Now as a fish swims through the water its tail (and to an extent the
body) is pressing against the water as it flaps from side to side,
and its head presses against the water in front as it swims forward.
The pressing of the water from this motion causes subtle changes in
the water pressure which essentially act as waves that pass through the
surrounding body of water. This is the same principle to how you see
ripples on a water surface when you drop something into a body of
water. A spinosaurid, equipped with a pressure sensitive organ that
was linked to multiple receptors on the snout would be able to detect
these pressure waves and with practice not only would it be able to
detect where the fish was, but how fast it was going and in what
direction. From this point all a spinosaurid would have to do is
gauge where the fish was going to, and then snap its jaws shut on
that spot just as the fish was passing through. As long a spinosaurid
stayed perfectly still until it struck, the fish would probably
never know what was coming until it was already caught it the jaws.
Even
more evidence for spinosaurids being fish hunters comes from even more
scientific analysis of fossil deposits and the fossils themselves.
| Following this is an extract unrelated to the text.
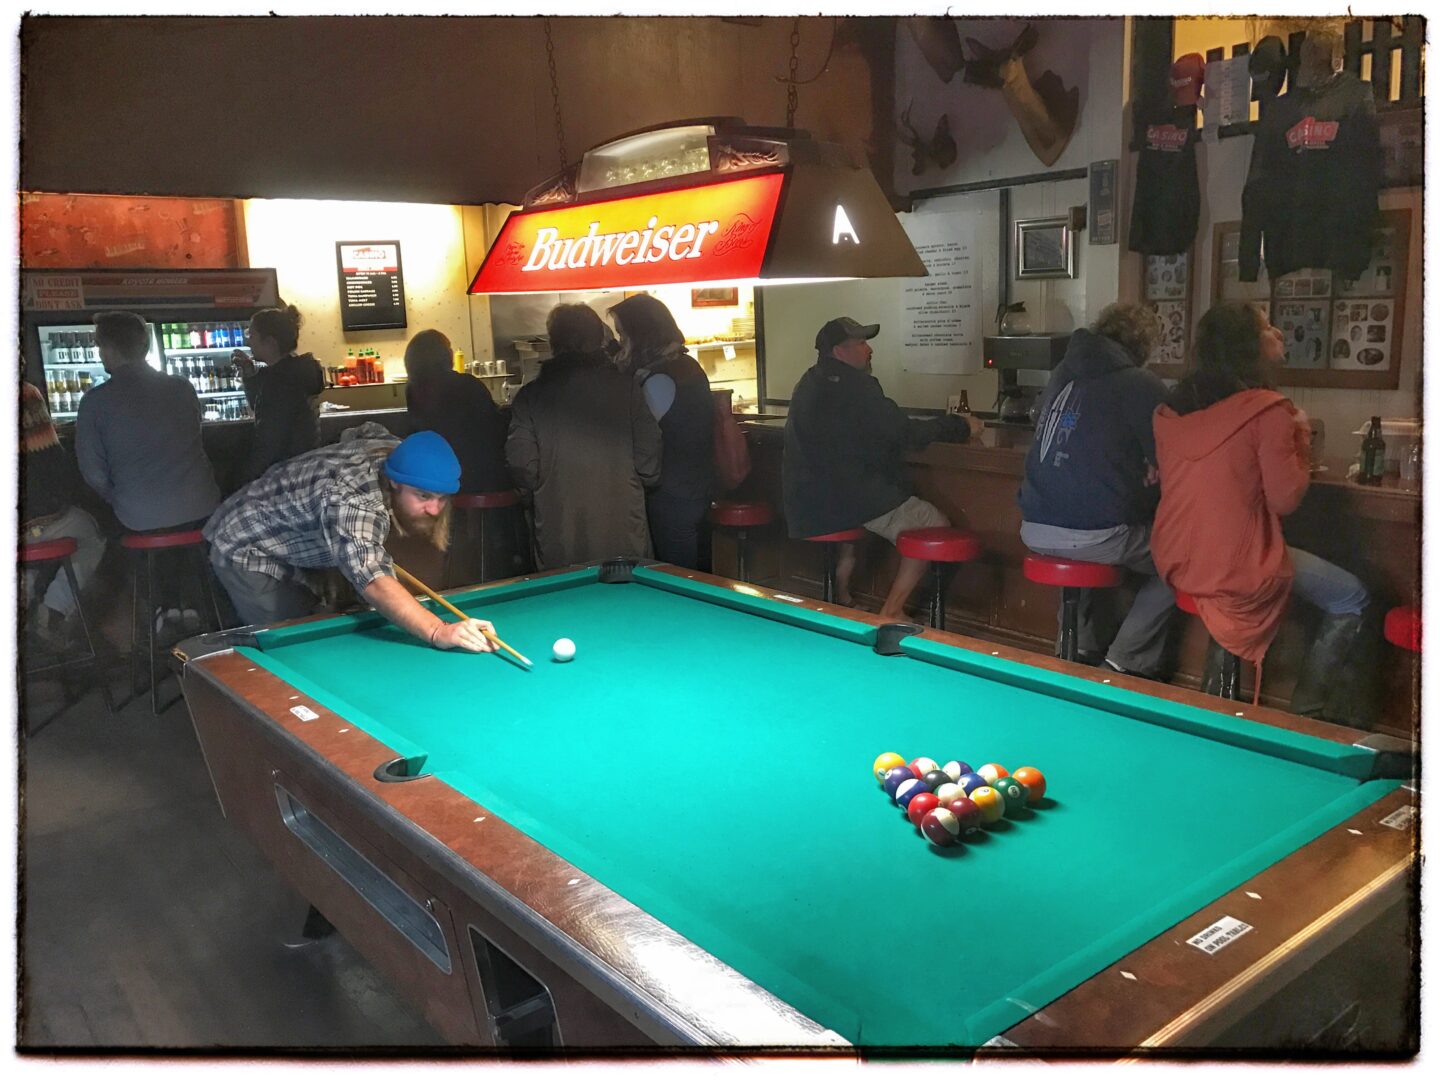 A group of people playing billiards in a bar.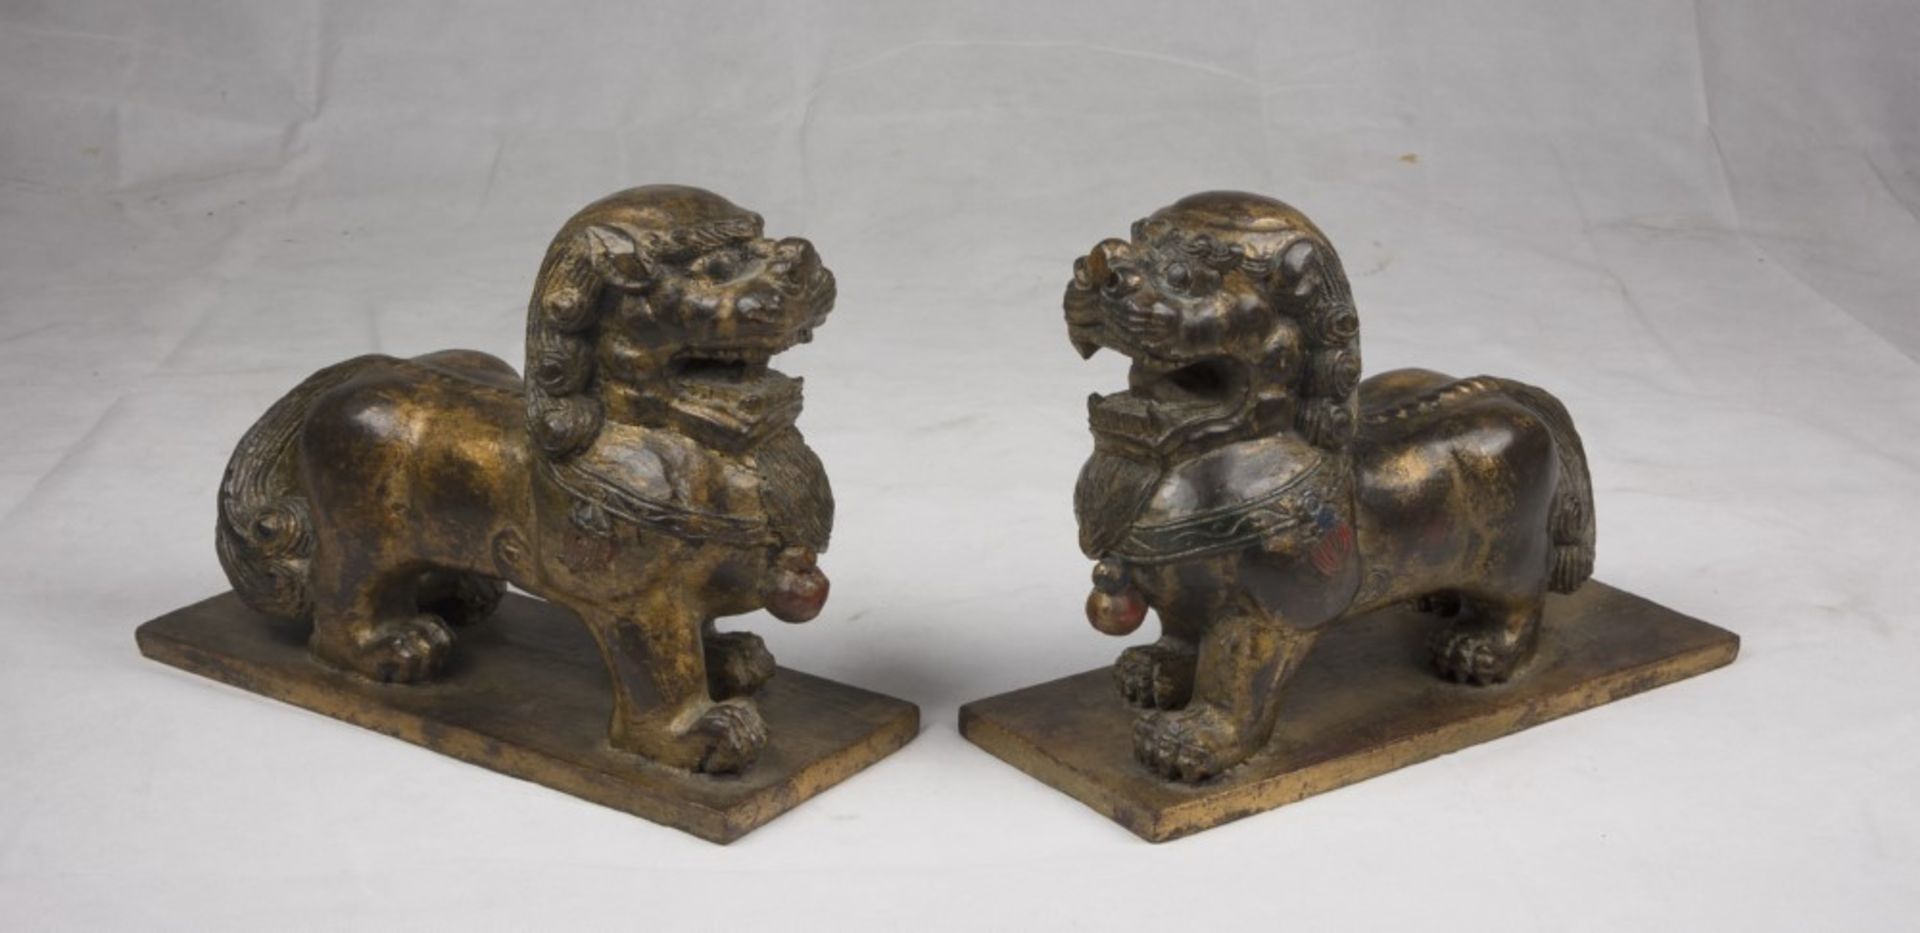 A pair of Chinese wood sculpture, depicting Buddhist lions. 20th century. Measures cm. 23,5 x 33 x

Spinosaurid fossils are mostly associated with what are called fluvial
deposits. Basically these deposits are built up by the deposit of
sediment from river systems, which means that spinosaurids were
living in association to such geographic features such as rivers,
deltas and floodplains. Oxygen isotope analysis of spinosaurid
teeth (Amiot et al, 2010) has also confirmed that spinosaurids
were living in wetland environments such as river systems.
Studies
of spinosaurid skulls and just as importantly their neck mechanics,
has also indicated that spinosaurids were best adapted for quick up
and down motions of the head. This is exactly the type of motion that
a sit and wait predator uses when striking into the water to snatch
prey below the surface. Spinosaurids however do not seem to have been
capable of strong side to side movements like other theropods, though
this was unlikely to have been a hindrance given their supposed
preferred mode of hunting.
However,
it should be remembered that a specialised predator of a type of
creature is not necessarily an obligate predator of said animals.
There are at least two occasions which counter the idea that
spinosaurids only ate fish. These are the discovery of juvenile bones
of the dinosaur Iguanodon
that were found in association with the
spinosaurid Baryonyx in a fashion that suggests
they were consumed by
the individual, and there is a vertebra of a pterosaur
which has a
spinosaurid tooth embedded into it. Both of these cases indicate that
spinosaurids would eat other types of animal other than fish, giving
rise to the suggestion that spinosaurids were generalists.
It
is also quite possible however that both of these instances may have
been cases of opportunistic scavenging. Spinosaurids would not have
been the only predators in their environments and would likely come
across the carcasses left behind by these other predators after that
had eaten their fills. After all an animal, any animal, can only
eat so much to fill its stomach, and would have to stop eating after
it had achieved this. All predators are known to scavenge the remains
of other animals because it is a free meal that does not require the
energy expenditure in the form of calories to acquire. When faced
with the prospect of getting a few mouthfuls from a left over carcass,
or standing on the side of a river and waiting for a fish to swim by,
a spinosaurid will probably take the easy option.
It
should also be pointed out at this point that as well as bones of
Iguanodon, fish scales were also found with the
same specimen of
Baryonyx, something that confirms that fish were
an important part of
a spinosaurid diet.
Did all spinosaurids have sails
humps?
The
problem with answering this question is that out of all the current
spinosaurid genera, named by 2012 only four have vertebrae
described for them. From these Spinosaurus, Suchomimus
and
Ichthyovenator are all known to have had growths
along their backs.
The size and robust build of these spines however have led to popular
thinking that they supported a form of fatty hump rather than a thin
sail of skin. Baryonyx for its part does not have
elongated neural
spines, but it has also been speculated to have been an immature
animal at the time of its death. This has not only led to further
speculation that Baryonyx may have developed a
hump in later life,
but that Suchomimus may actually be the adult
form, meaning that it
may in fact be a synonym of Baryonyx.
It
should be said at this point that the spinosaurids were not the only
dinosaurs to have had enlarged neural spines to support a growth on the
back. The predatory carcharodontosaur
theropods Acrocanthosaurus
and Concavenator
both
had enlarged neural spines, and even the ornithopod Ouranosaurus,
an ornithischian dinosaur even more distantly related than the other
two previous genera also had a well-developed hump growth on its back.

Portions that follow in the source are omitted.